間近で見ると、本当にため息が出るほどに美しいし、その視線に射すくめられると、ドキドキする。あぁ、なんて素敵なんだろう。まるで月の女神のよう。
「貴女、サフィニア様に呼び止められた理由はおわかりになって?」
嘲笑するように取り巻きの一人が言う。
そんなのわかりきっているが、私は敢えて訳がわからないと言わんがばかりに小首を傾げた。
サフィニア様と取り巻きの眉がつり上がる。恐らく馬鹿にしているように見えたのだろう。よくあることだ。別に悲しくなんかない。
「白々しいわ。サフィニア様と同じ色のドレスを着ているだけでもおこがましいのに、グウェンダル様の隣を独占するなんて!余程面の皮が厚いのね」
「そうよ。それに公の場でグウェンダル様とあんな…」
そこで取り巻きのご令嬢は顔を真っ赤にする。あんな…とは何のことを言っているのか。グウェンダルには貴重な人間ウォッチングの邪魔をされ、頬肉を掴まれ、手を握られてからかわれた記憶しかない。まさか、あれをいちゃついていたと思われたのなら、遺憾の意を表さざるを得ない。
あと、かぶっているのはドレスだけではない。実はこの髪型もサフィニア様を意識して、3時間以上かけてセットしてきたのだが、気づいてもらえなかったようだ。
屋敷に迎えに来たグウェンダルが私の気合いの入った髪型を見た瞬間、奴は大爆笑、笑いすぎて腹筋をつったそうな。私は禿げろと心の中で呪いをかけてやった。彼の毛根に幸あれ。

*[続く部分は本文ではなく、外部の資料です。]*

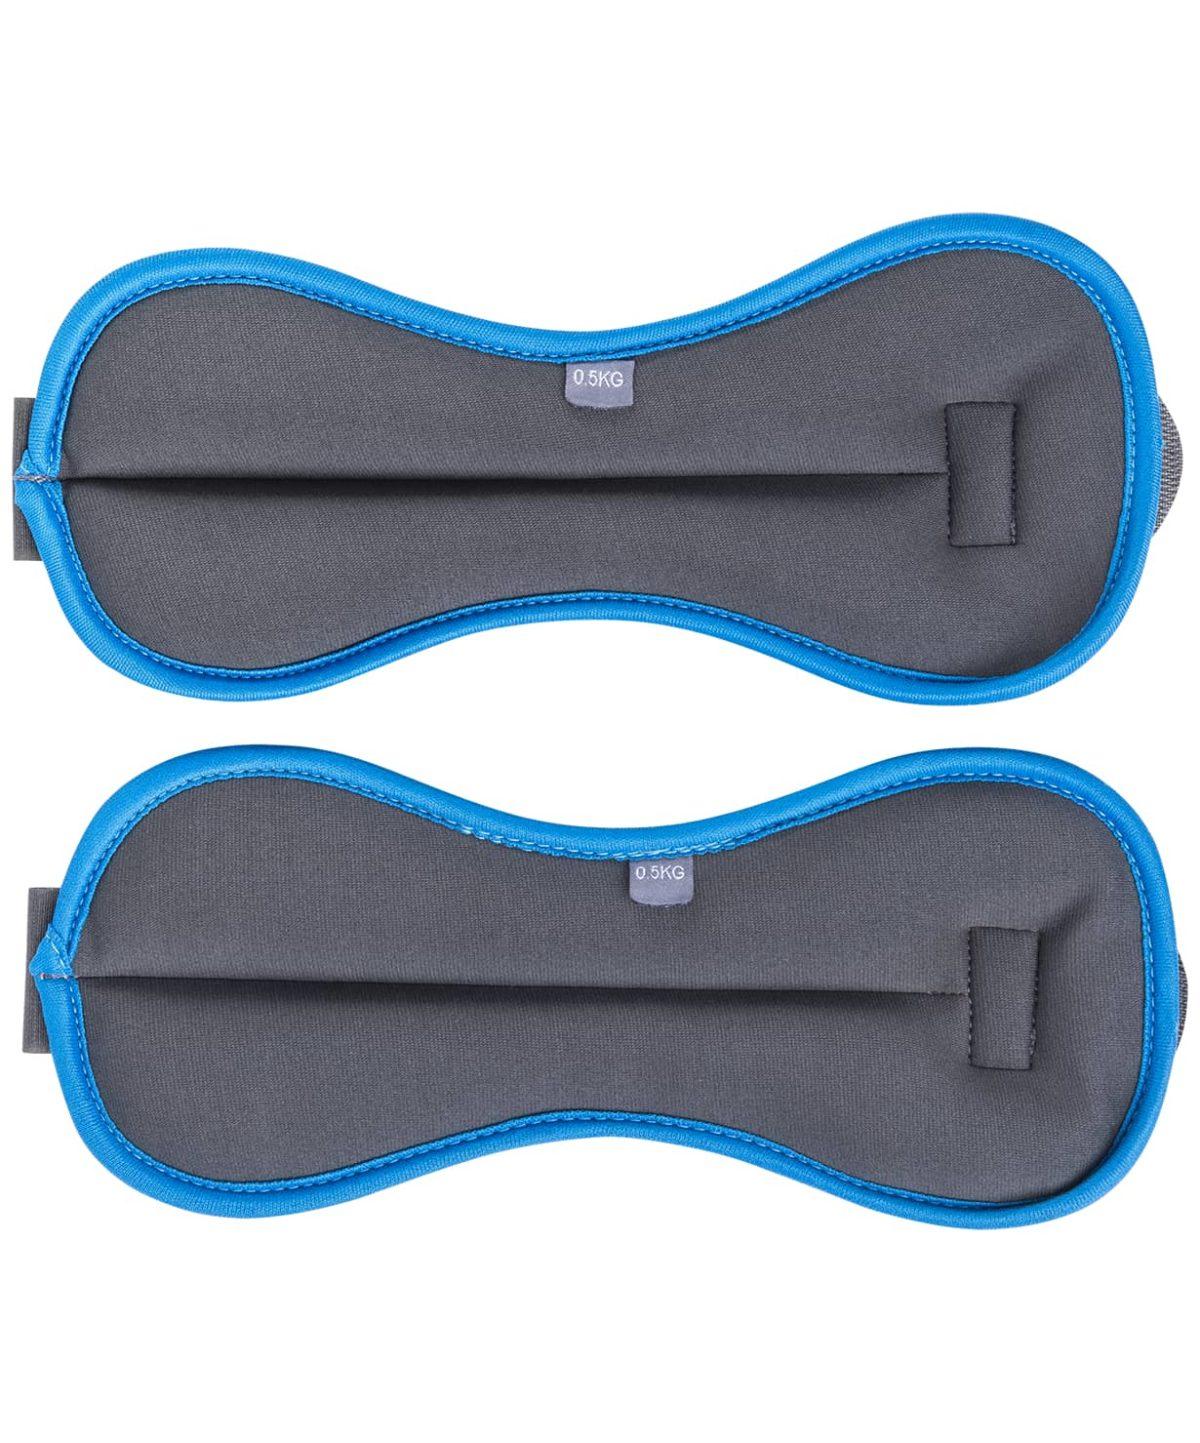 STARFIT Утяжелители универсальные, 1,5 кг WT-501: серый/синий - 2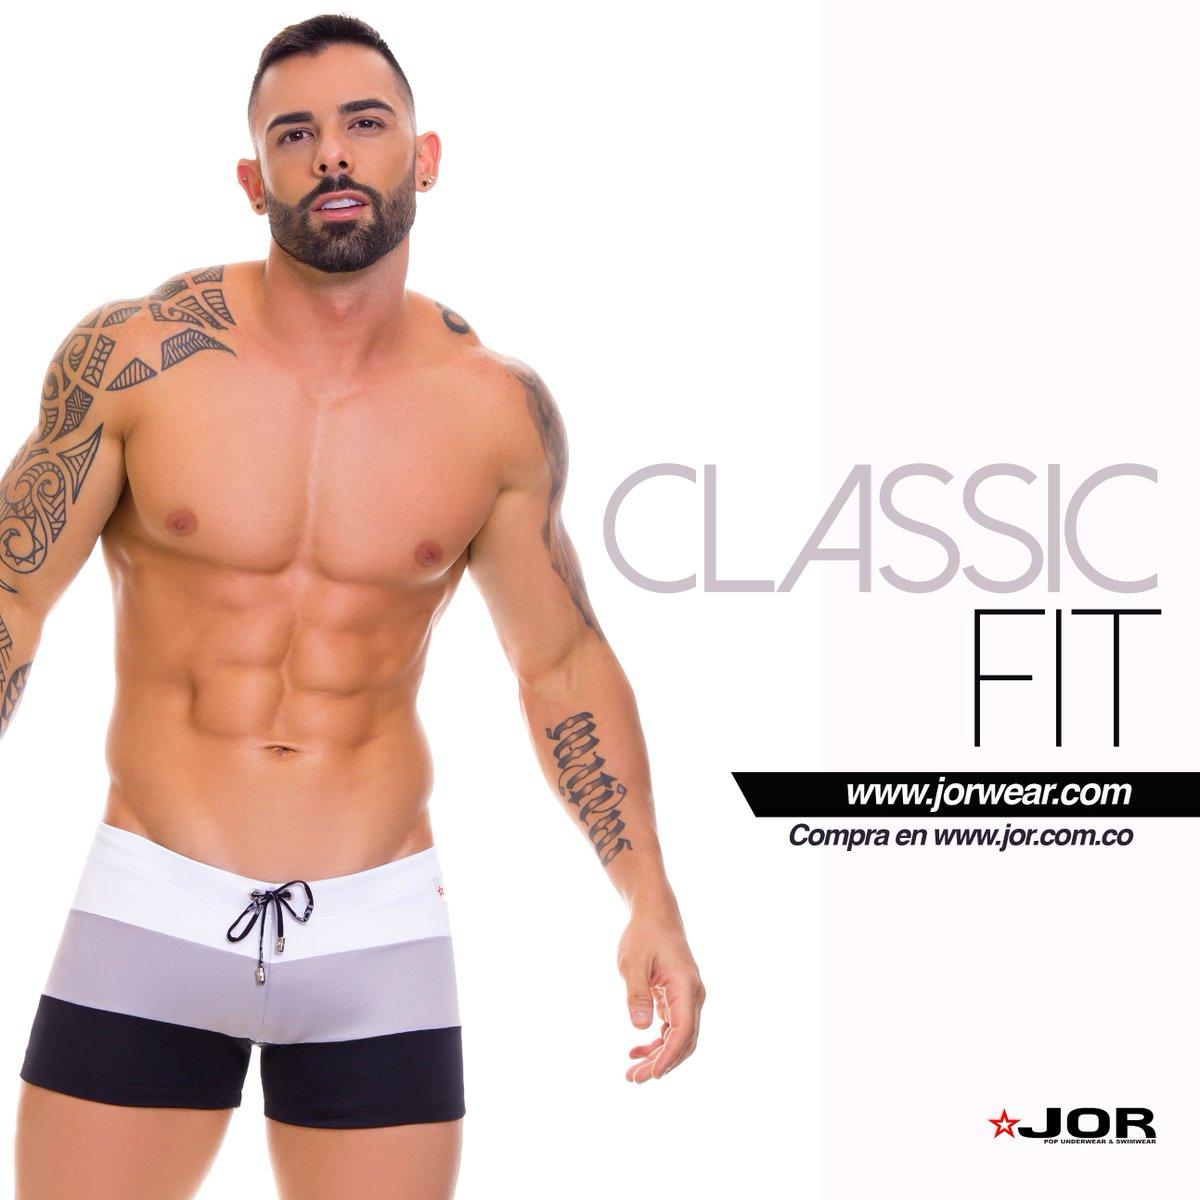 JOR_Underwear photo

私が心の中で嘆けば、サフィニア様の取り巻きの一人が私の髪の一房を掴み、引っ張った。びろん、とロールがほどけた。
「聞いてるの?」
勿論、一言一句聞き漏らさずに聞いてますとも。わざわざ派手なドレスを着て、目立つ従兄を伴って来たのはこのためなんだから。そうでなければグウェンダルと夜会なんて頼まれても願い下げだ。あいつがいると、目立って仕様がない。
私は黙りこみ、サフィニア様を見つめた。何故か、私を取り囲んでいたサフィニア様と取り巻きの方々はたじろいでいる。意味がわからない。
「と…とにかく身の程を弁えなさいな」
そう言うと、取り巻きのご令嬢にどん、と突き飛ばされた。壁に寄りかかるような格好で私はその場に尻餅をついた。
私の間抜けな様子に満足したのか、サフィニア様達はそのまま、立ち去っていった。
後ろ姿を見送って、私は満足げな笑みを浮かべる。
「ふふ。くふふ。実際にあるのね」
勘違いなさっている方もいるかもしれないが、これは取材の一環だ。
私ことレイチェル=ヴィッツ伯爵令嬢は本の虫だ。
私は幼い頃から活字を読むのが好きだった。小説は素晴らしい。恋愛小説から果ては歴史書まで、ありとあらゆる本を読み漁った。不可能を可能にするフィクションには心踊ったし、史実の舞台や裏側を想像するのは楽しかった。
その内にそれを生業としてみたくなった。私は今年16になるが、浮いた話の一つもない。私くらいの年になると、婚約者の一人くらいいてもおかしくない。原因は私の顔面にある。手に職をつけたいと切実に思った。
お見合いの話が全くなかったわけではない。だが、皆、私を前にすると固まるのだ。私はその内に恋愛や結婚を諦めた。
壁にもたれかかったまま、空を見上げた。夜空に瞬く星を見て、ふと件のご令嬢の凝った装飾のドレスを思い出した。
「やっぱり、本物の方が美しいわ」
星空を模したドレスは美しかったけれど、本物にはかなわなくて。夜空を眺めながら、私はため息をついた。